Descent of the Abdali/Durrani from Tareen

The Pashtuns believe that they are descended from the common ancestor Qais Abdur Rasheed.[2] In the case of the Tareen, they believe they are descended from his first son, Sarban, his son Sharkhbun, and his son Tareen, the founder of the tribe. Tareen had a number of sons, who correspond with the major divisions of the tribe.[3] One was named Bor Tareen, later renamed Abdali, who is the legendary founder of the Durrani tribe.[4] Thus, the Abdali/Durrani are in effect descended from the elder Tareen lineage.[5]

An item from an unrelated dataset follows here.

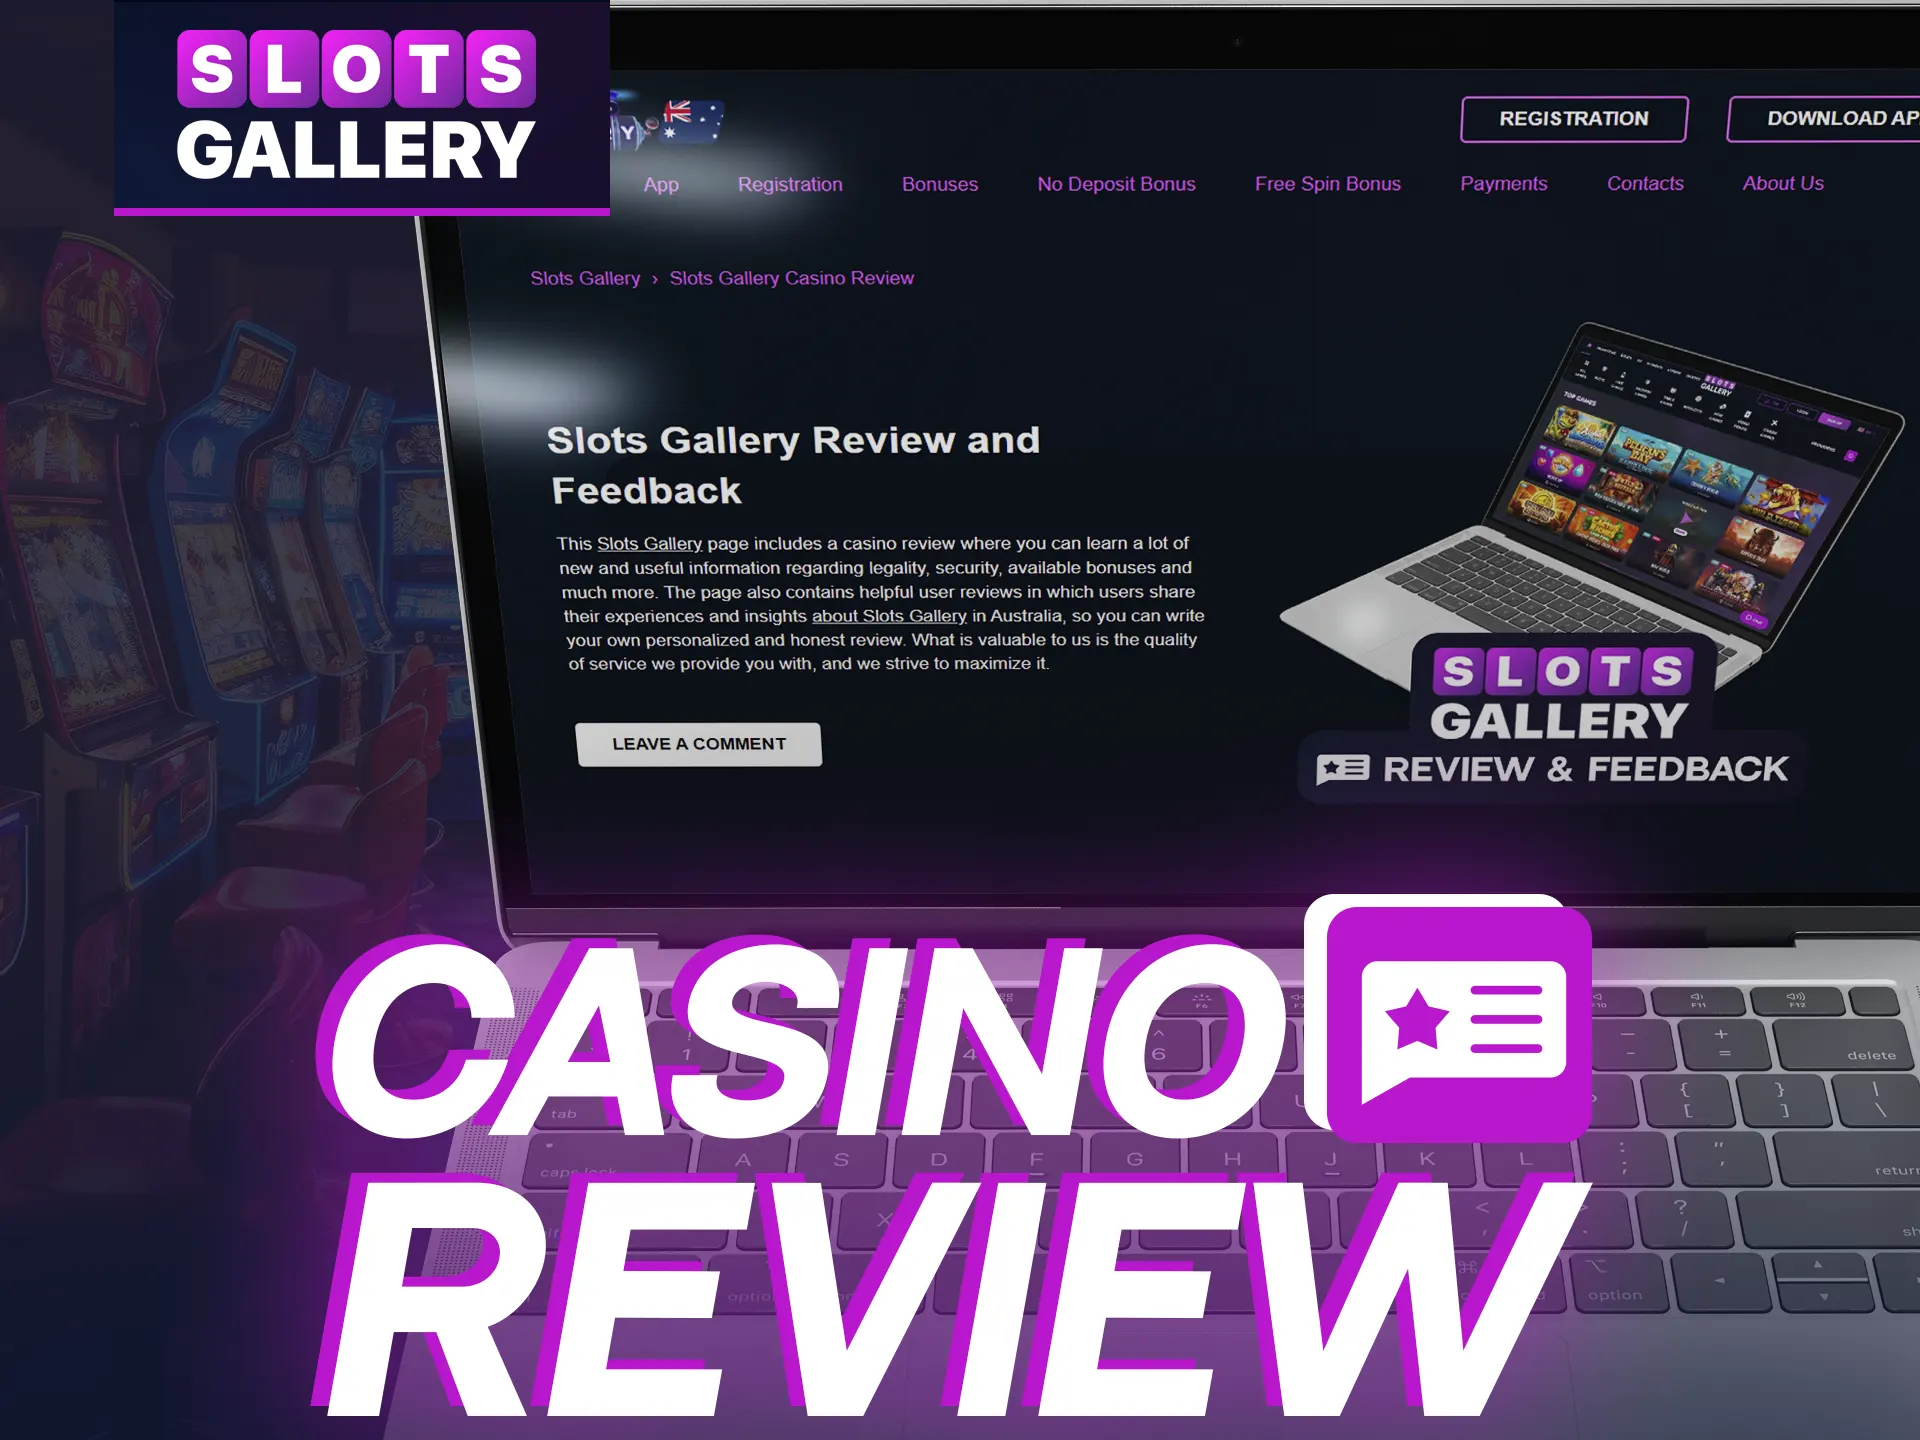 Share your experience at Slots Gallery Casino.

Flag of the Durrani (Abdali) Tribe
Ahmad Shah Durrani established the Durrani Empire in 1747, and the name Durrani originates from that period.

They were known in the past as Abdalis, from approximately the 7th century until the mid-18th century when Ahmad Shah Durrani was chosen as the new Emir and the Durrani Empire was established.[6] One of Ahmad Shah's first acts as Emir was to adopt the title padshah durr-i durran ('King, "pearl of the age").[7] He united the Pashtun tribes following a loya jirga in western Kandahar and changed his own name from Ahmad Shah Abdali to Ahmad Shah Durrani. Since that period, the kings of Afghanistan have been of Durrani extraction.

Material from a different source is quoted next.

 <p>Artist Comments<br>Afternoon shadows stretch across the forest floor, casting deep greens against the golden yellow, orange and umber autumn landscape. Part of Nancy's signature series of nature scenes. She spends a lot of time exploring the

The origin of the Abdali is probably the Hephthalites though it is disputed.[8][9] The Zirak line begins with Sulaiman Zirak Khan. Zirak was father of Popalzai, Barakzai, and Alakozai.[10]

According to Hayat Khan's history of Afghanistan from their progenitor Bor Tarin, otherwise known as Abdal, are descended their two main divisions the Zirak and the Panjpai.[citation needed] The term Abdal, however, gradually superseded that of Bor Tareen and came into special prominence when Ahmad Shah Abdali Sadduzai commonly known as Durrani, began his career of conquest. The Achakzais are, in strictness, a branch of the Barakzai, but Ahmad Shah, Durrani himself an Abdal/Bor Tarin/Tareen, fearing the growing numbers of the Barakzai, separated them from the parent stock. Since then, their organization has remained distinct. It is still used, though sparingly, for the Achakzai, who have become localised in Toba and are regarded as a separate political unit from the rest of the Tarin/Tareens.

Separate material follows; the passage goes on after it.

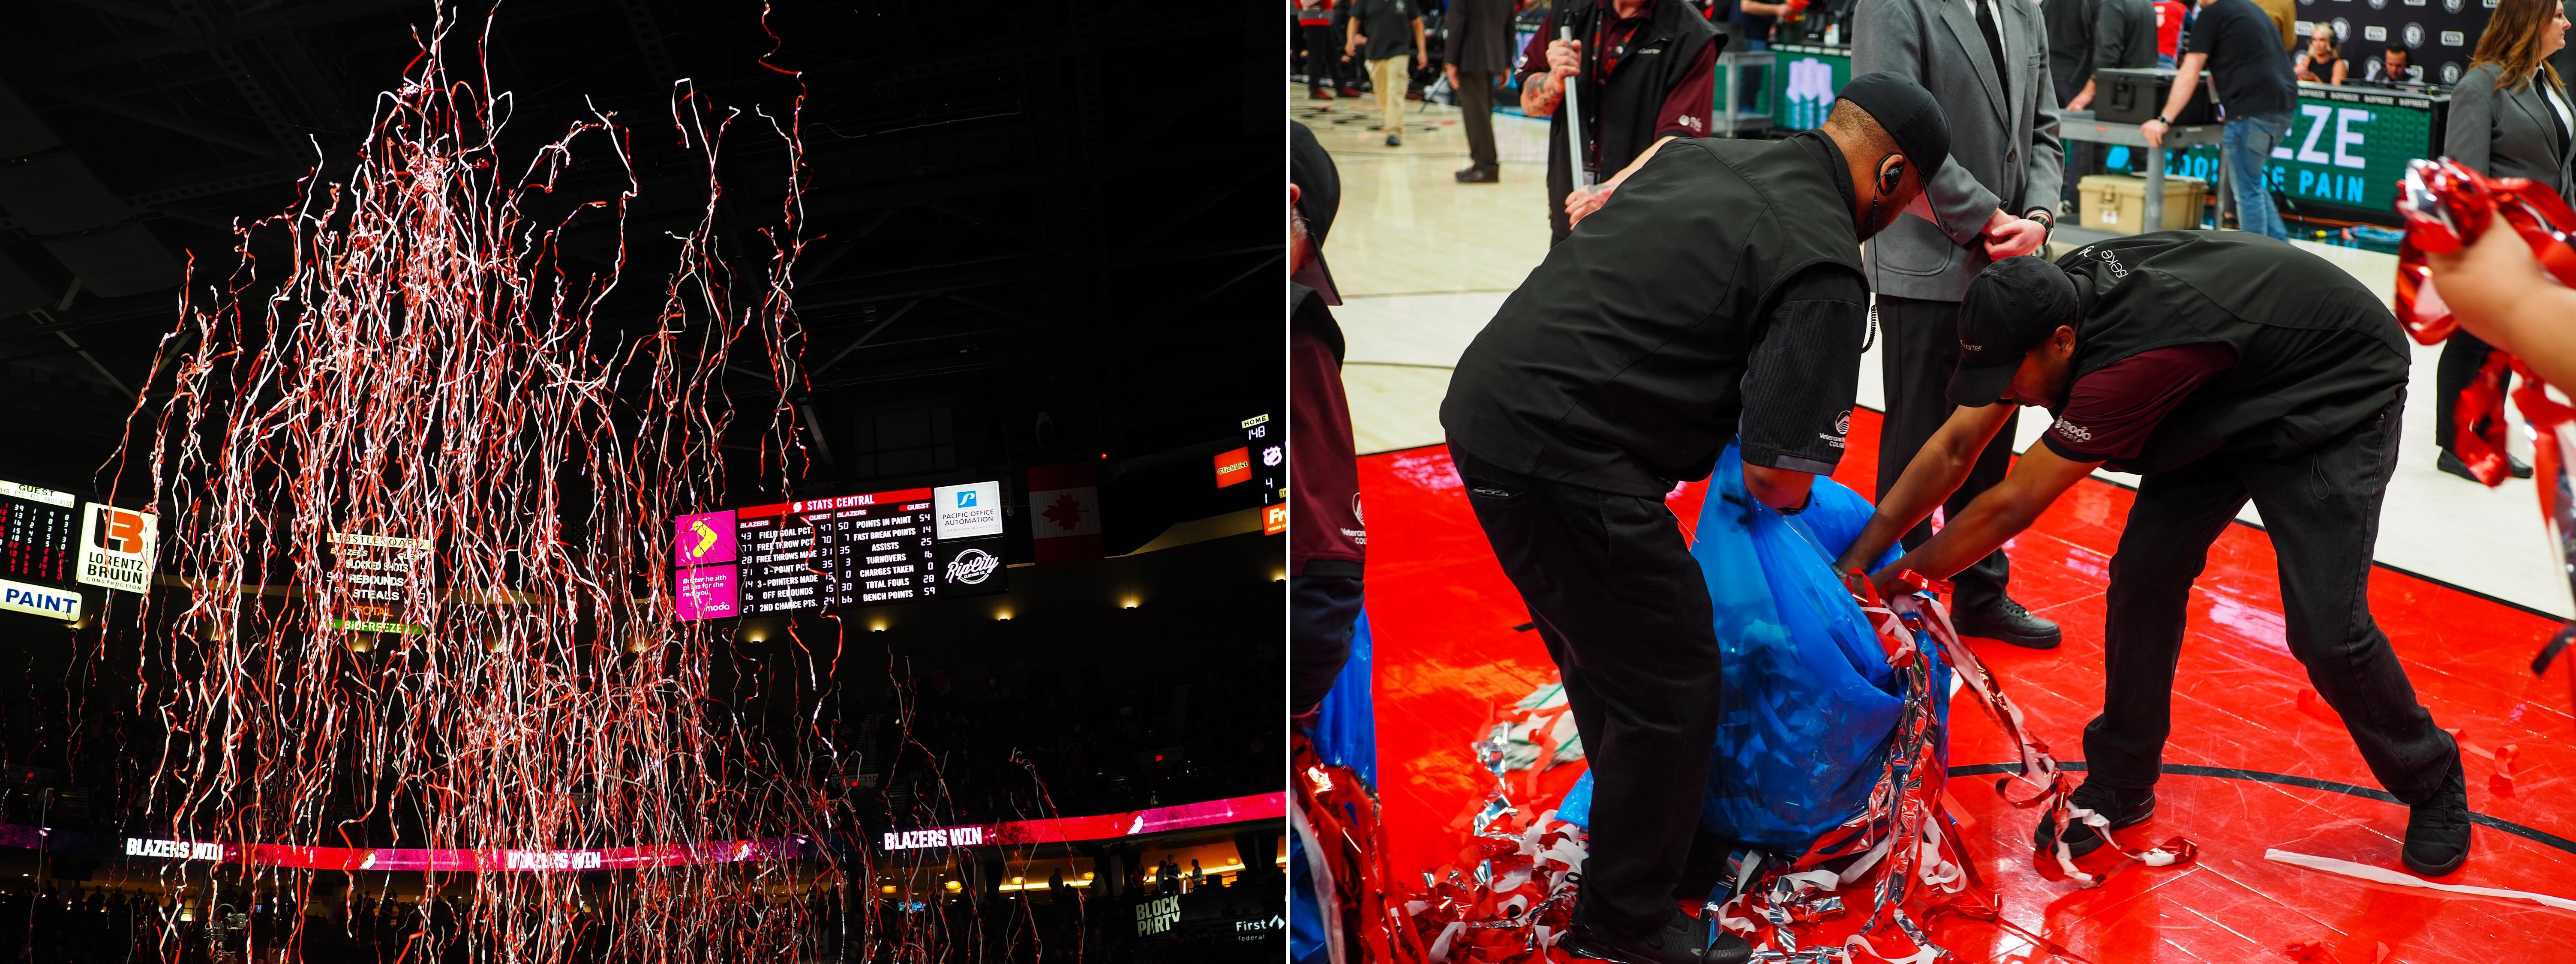 Portland Trail Blazers Manage LED Screens at Moda Center With

Durrani prince tomb in Kohat

Branches or subtribes

The Panjpai branch are mainly found in the western Kandahar, Helmand and Farah area, and they include Alizai, Noorzai, Ishakzai or Sakzai, and Maku.

The literacy rate of the Durrani is the highest among all the Pashtun tribes and they are also considered the most liberal of the Pashtun tribes. The Durranis continue to live close to other people of Afghanistan and culturally overlap in many ways with the Tajiks whom they often share more cultural and socio-economic traits in comparison to the more tribal Pashtuns such as the Ghilji, which is the other major Pashtun tribe.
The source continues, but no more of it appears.